Mientras la conservación
de la Ciudad Vieja fue convirtiéndose
en la nueva ideología,
creándose centros de estudio,
asociaciones y proyctos de renovación
cuidadosa de las viejas calles,
la atención del urbanismo
se concentró en la "ordenación"
del Ensanche Norte. La planificación
de este ensanche está unida
al nombre de Alberto Lindhagen,
miembro de la junta municipal
de Estocolmo, diputado al parlamento
y alto funcionario del Ministerio
del Interior. Lindhagen introdujo
en Suecia las ideas urbanísticas
de Haussman que tuvo ocasión
de estudiar en París y
llevó a la práctica,
con ciertas modificaciones, la
idea de Jean de la Vallée
de crear una vía monumental,
la avenida de Svea, que atravesara
la ciudad de Norte a Sur. Fue
esta idea la que volvió
a debatirse a partir de 1923,
afortunadamente sin éxito.
Hay un plan especulativo para
la ordenación de Estocolmo
hecho por Le Corbusier en época
posterior, pero esto pertenece
al artículo de curiosidades
sin conexión con la realidad.
El deseo de aplicar las nuevas
filosofías del urbanismo
moderno y racional que no habían
logrado destruir la Ciudad Vieja
de Estocolmo, se ensañaron
en cambio con una zona amplia
del Ensanche Septentrional, el
barrio de Santa Clara y otros
adyacentes, en el que hoy se asienta
el Centro comercial y de negocios
de Estocolmo.
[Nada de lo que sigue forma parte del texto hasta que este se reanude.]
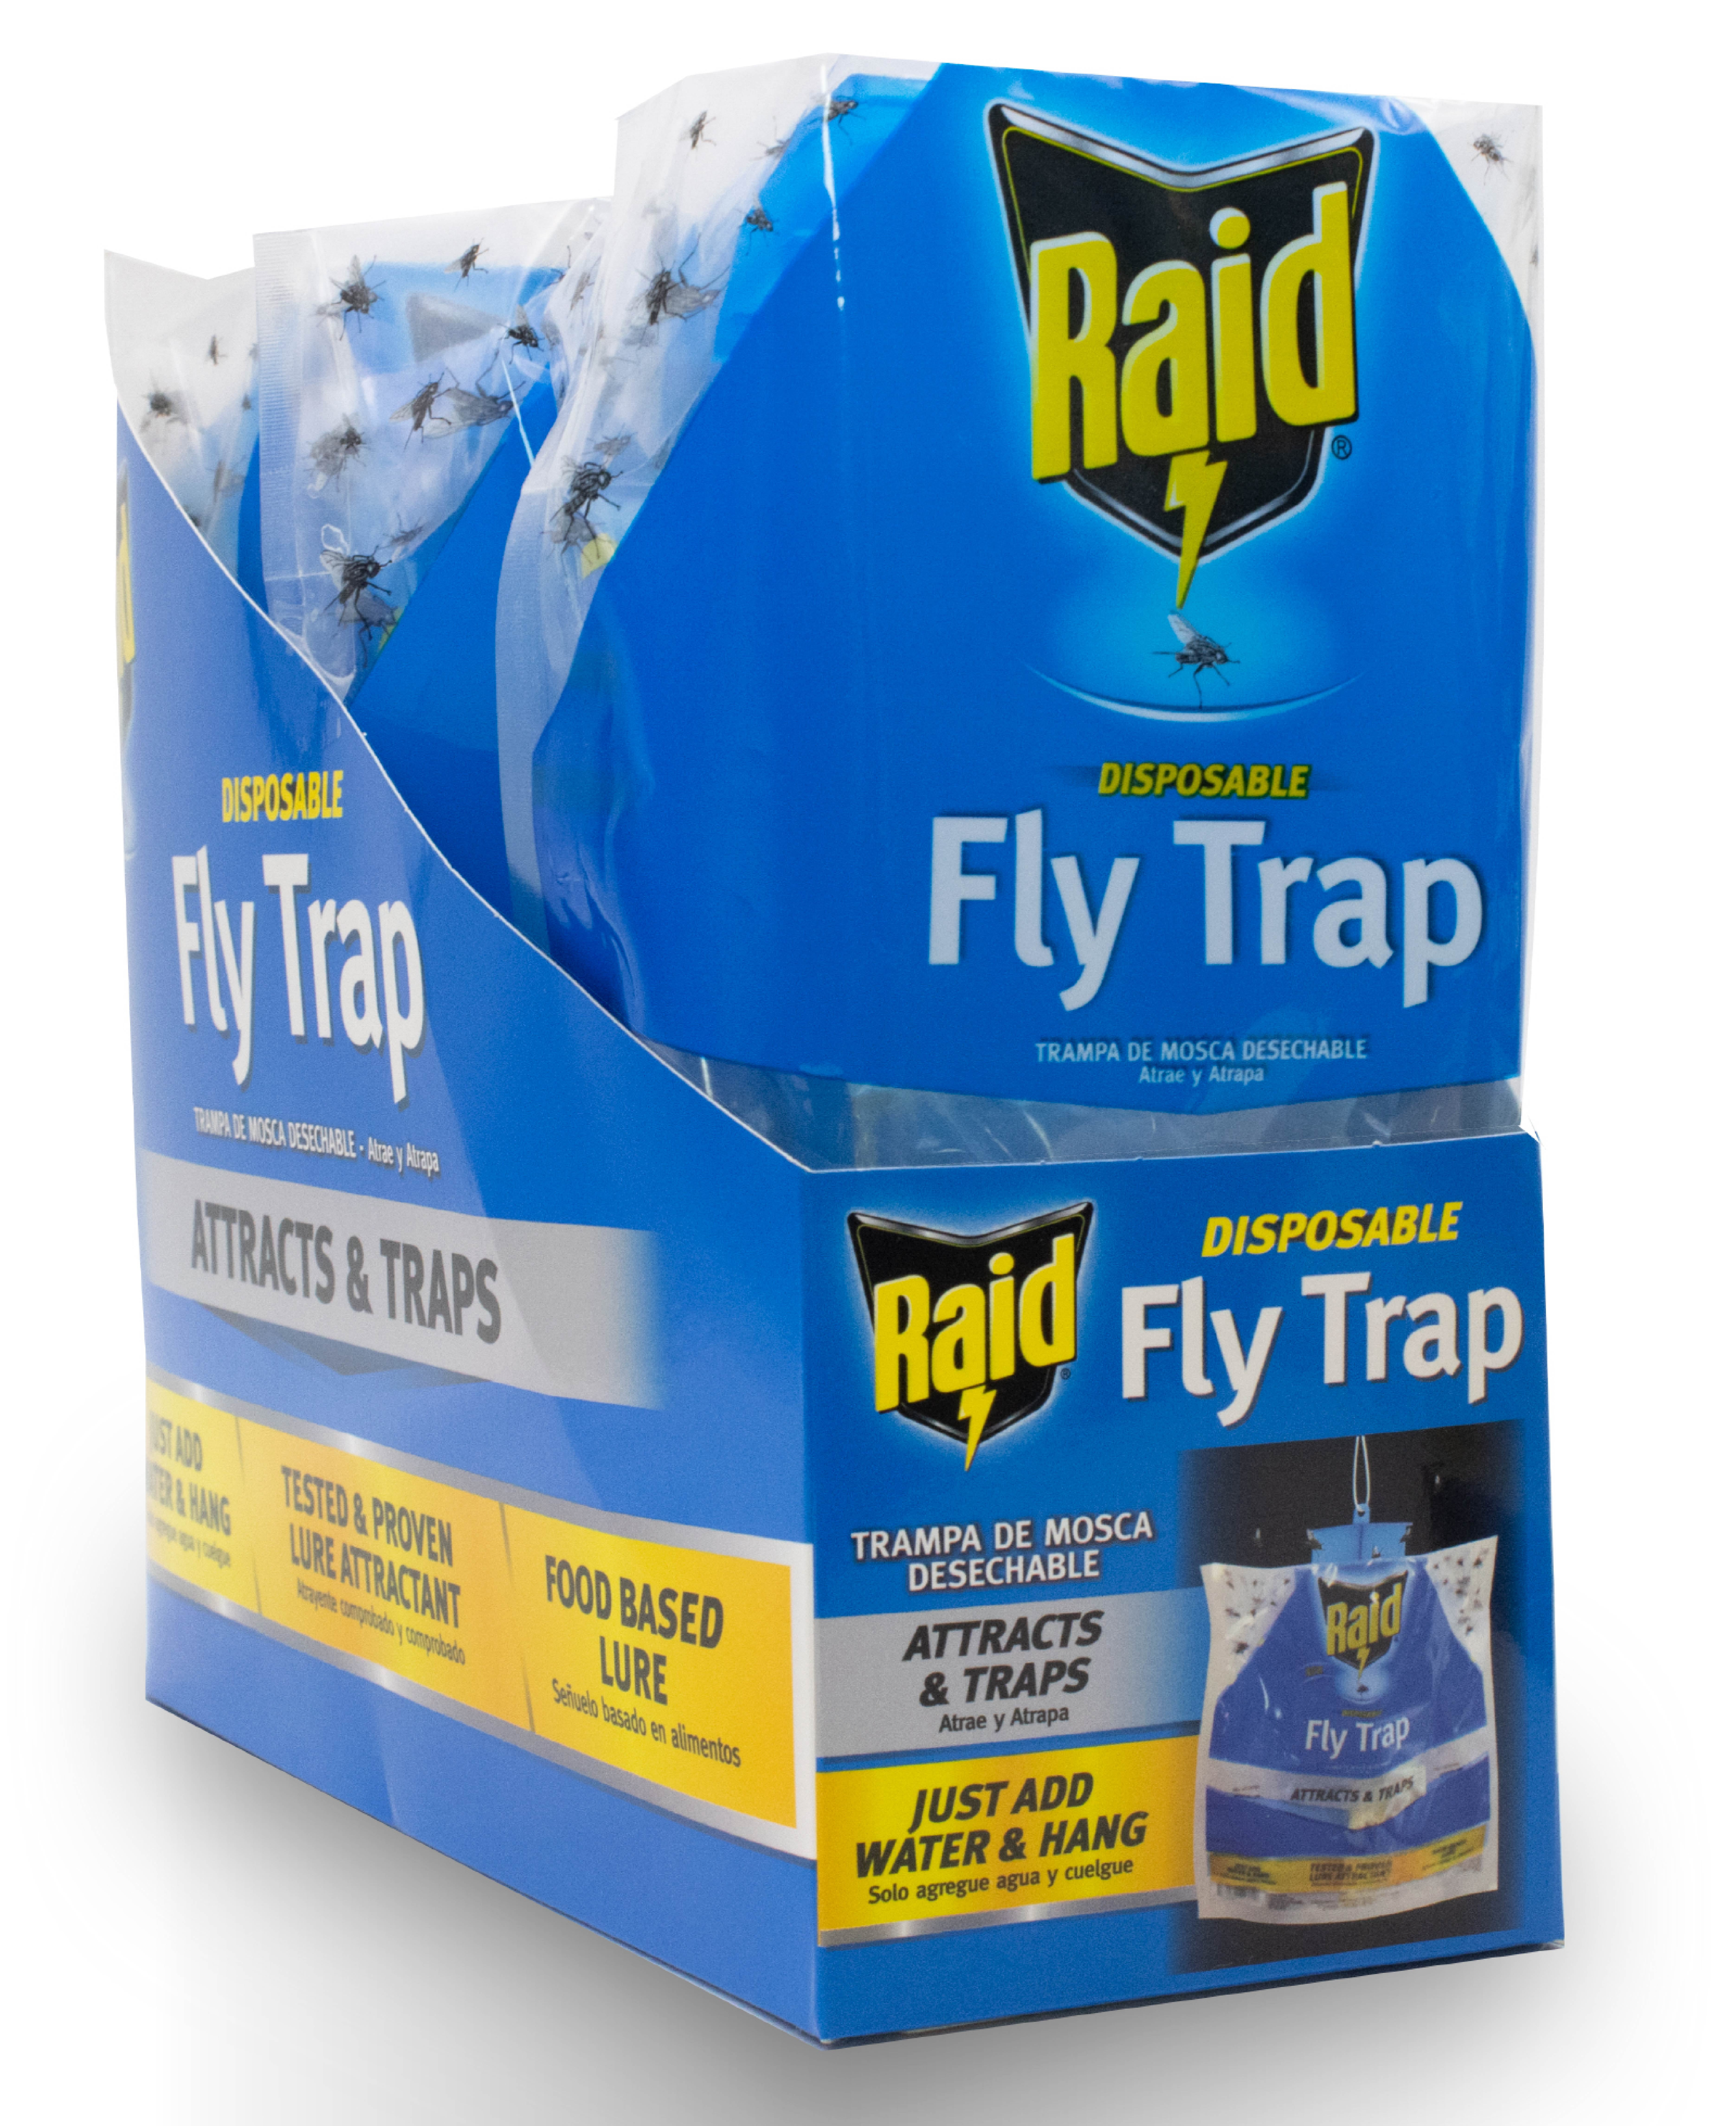 Amazon.com : Raid Fly Trap (6-Pack), Outdoor Fly Trap, Disposable Fly Trap  Bag, House Fly Trap with Food-Based Attractant : Patio, Lawn & Garden

Esta remodelación
traumática de uno de los
barrios que tenían más
arraigo en el alma popular, se
llevó a cabo con mano firme
en los años 60. Sobre este
tema se ha debatido y se sigue
debatiendo mucho. El optimismo
urbanista destructor de la historia
fue frenado en 1967 por la confrontación
entre los grupos activistas y
los obreros municipales que, armados
de sierras eléctricas estaban
a punto de deshacerse de los álamos
que adornan el llamado Jardín
del Rey, lugar de asueto y festejo
del pueblo de Estocolmo.
Aquí termino yo también
mi rápida y rapsódica
presentación de la evolución
del Estocolmo histórico.
Termino cuando en realidad debía
empezar.
La
evolución de la Ciudad
de Estocolmo muestra cómo
la naturaleza y la causalidad
a veces hacen más por la
bondad y la belleza que la planificación
basada en las ideas y las obras
del hombre. Estocolmo es, según
muchos, una de las ciudades más
atractivas del mundo. Yo llevo
35 años aquí y cada
vez me gusta más. El entorno
natural que envuelve a Estocolmo
y la devoción que la cultura
sueca, a pesar de todo, ha mantenido
en torno a la naturaleza intocada
(el concepto de parque en Escandinavia
y en el Sur de Europa son cosas
totalmente distintas) han creado
una ciudad rebosante de armonía
y belleza y ha sabido encajar
sus obras de ingeniería
como un juego en medio de lo natural.
En su tesis del factum verum distinguía
Giambattista Vico entre dos tipos
de hechos, los hechos de la naturaleza
o de Dios y los hechos del hombre.
La naturaleza nos asombra por
su belleza porque no la comprendemos.
Vico decía que los hombres
sólo entienden lo que ellos
han hecho, lo demás sólo
lo entiende Dios. Yo añadiría
que muchas de las obras del hombre
moderno no las entiende ni Dios.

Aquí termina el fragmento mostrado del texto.